I can run Crafty unchanged for two months and I'll guarantee that its rating
will start to drop significantly if I don't take time to fix the holes that
get exposed...






>
>>
>>So they are very strong, yes.  And if you want to lump these games together
>>with what we have so far, I don't have a problem with that.  So far, I am
>>counting:
>>
>>Humans 5 (counting Anand and Rohde vs Rebel)
>>progs  3
>>
>>at 40/2hr.  That is within reason for a 2400-2600 rating split, particularly
>>when the just-finished 5 games were played with little preparation by the GM
>>players, since they didn't know who they were playing 24 hours before they
>>played.
>>
>>Yes, I think the machines are doing well.  No I don't think they are 2500+
>>_yet_.  And the gaps in the program's knowledge are big enough that I don't
>>think that tactics alone will make up the difference.   It goes a long way,
>>but it doesn't close all the holes.
>>
>>One example (I won't name the GM because he asked me not to, and I won't name
>>the program because I am not certain of the hardware nor that the program was
>>that which was claimed since I only watched):
>>
>>The other nite on ICC, a GM friend of mine asked me to watch 2 games a friend
>>of his was playing against a computer.  The computer hardware was supposedly a
>>PIII/500 xeon (1 processor) running a program that everyone here thinks is a
>>very 'smart' one based on NPS.  In the two games I watched, the GM made it look
>>easy.  This 'smart' program seemed to not be real aware of the dangers of a
>>'distant passed pawn' and allowed the GM to create one, and trade material,
>>until it would see it was lost.  I wasn't playing the game, obviously, so I
>>can't say how 'hard' the GM was 'thinking', but my 'friend' (not the one that
>>was playing) commented on this.
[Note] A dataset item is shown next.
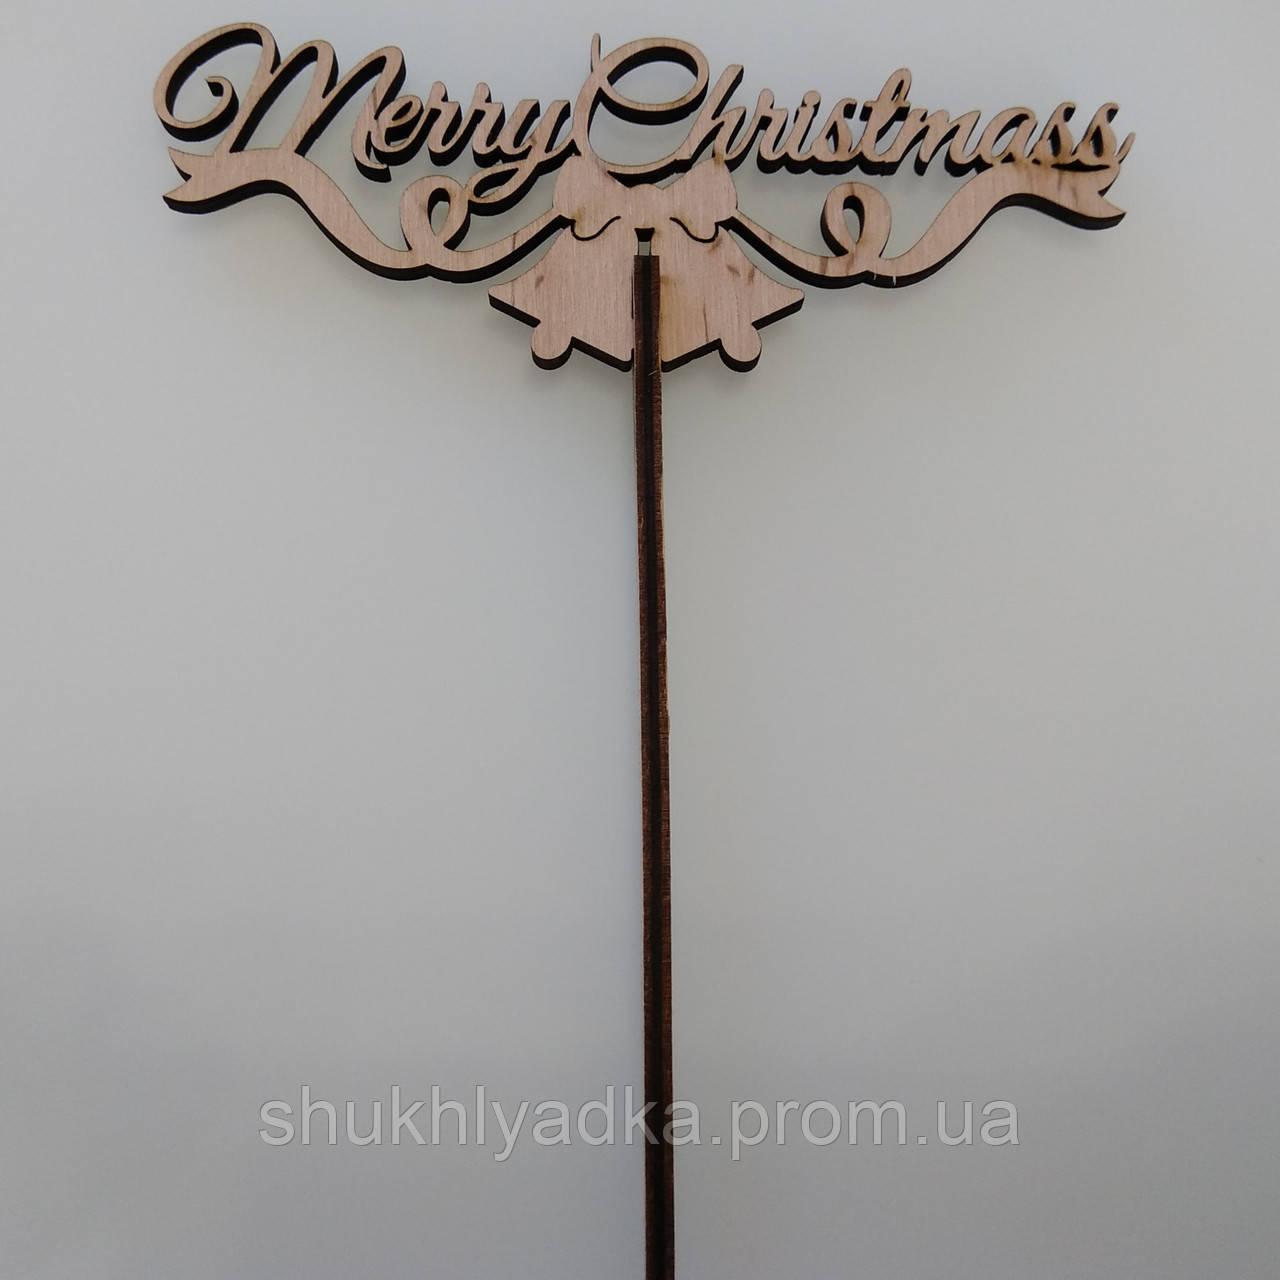 Merry Christmas_колокольчки

That is a _fatal_ mistake were this program
>>trying to make its way up the GM ranks, because word spreads, and it simply
>>gets rolled game after game.  I am pretty sure that until a GM finds this
>>'hole', that program will give them fits on decent hardware.  And I am also
>>sure that once a GM finds that hole, it is over except for the occasional
>>tactical mistake he will make that the program won't overlook.
>>
>>The thing we are 'missing' in the programs is the 'consistency' that GM players
>>have.  IE Shredder played very well throughout the tournament, yet reached a
>>position in the playoff that I doubt even a 2000 player would reach.  almost
>>zero mobility.  Cramped.  Inactive.  A position unlike one I have ever seen
>>while watching hundreds of GM games on the chess servers...  The problem is
>>_not_ impossible to solve.  But it is _not_ solved just yet.
>>
>>This match was 'data'.  Let's see how it looks when our data reaches 10 and
>>then 20 games.  So far we only have 8.  And 5-3 is not a horrible result for
>>the machines.  Unfortunately, based on prior experience, the programs tend to
>>win early games and lose later ones as the GM players spot weaknesses that
>>can be exploited.  Even IM players comment on the current crop of programs not
>>doing decently with 'king safety' and how they are all very insensitive to
>>long-term kingside attacks.  Playing on ICC will expose such.  If I didn't
>>tweak things regularly, or add code to handle cases I was not handling before,
>>I would do horribly on ICC.  Because after a while, players find the weaknesses
>>and then they sit on those over and over and over.  Unfortunately programs are
>>complex enough that fixing one often exposes more...
>
>So here's the race. Wekanesses are exposed making the programs suddenly dropping
>in performance, new versions are relesed doing well again, weaknesses are
>exposed and so on in a never ending story...
>This will not stop, I suppose, in the next 10 years or so... :-)
>


so it has been forever, so it shall be forever, I suspect, _until_ we get
those 32-piece EGTBs.  :)




>>Other opinions are welcomed of course.  This is only _mine_.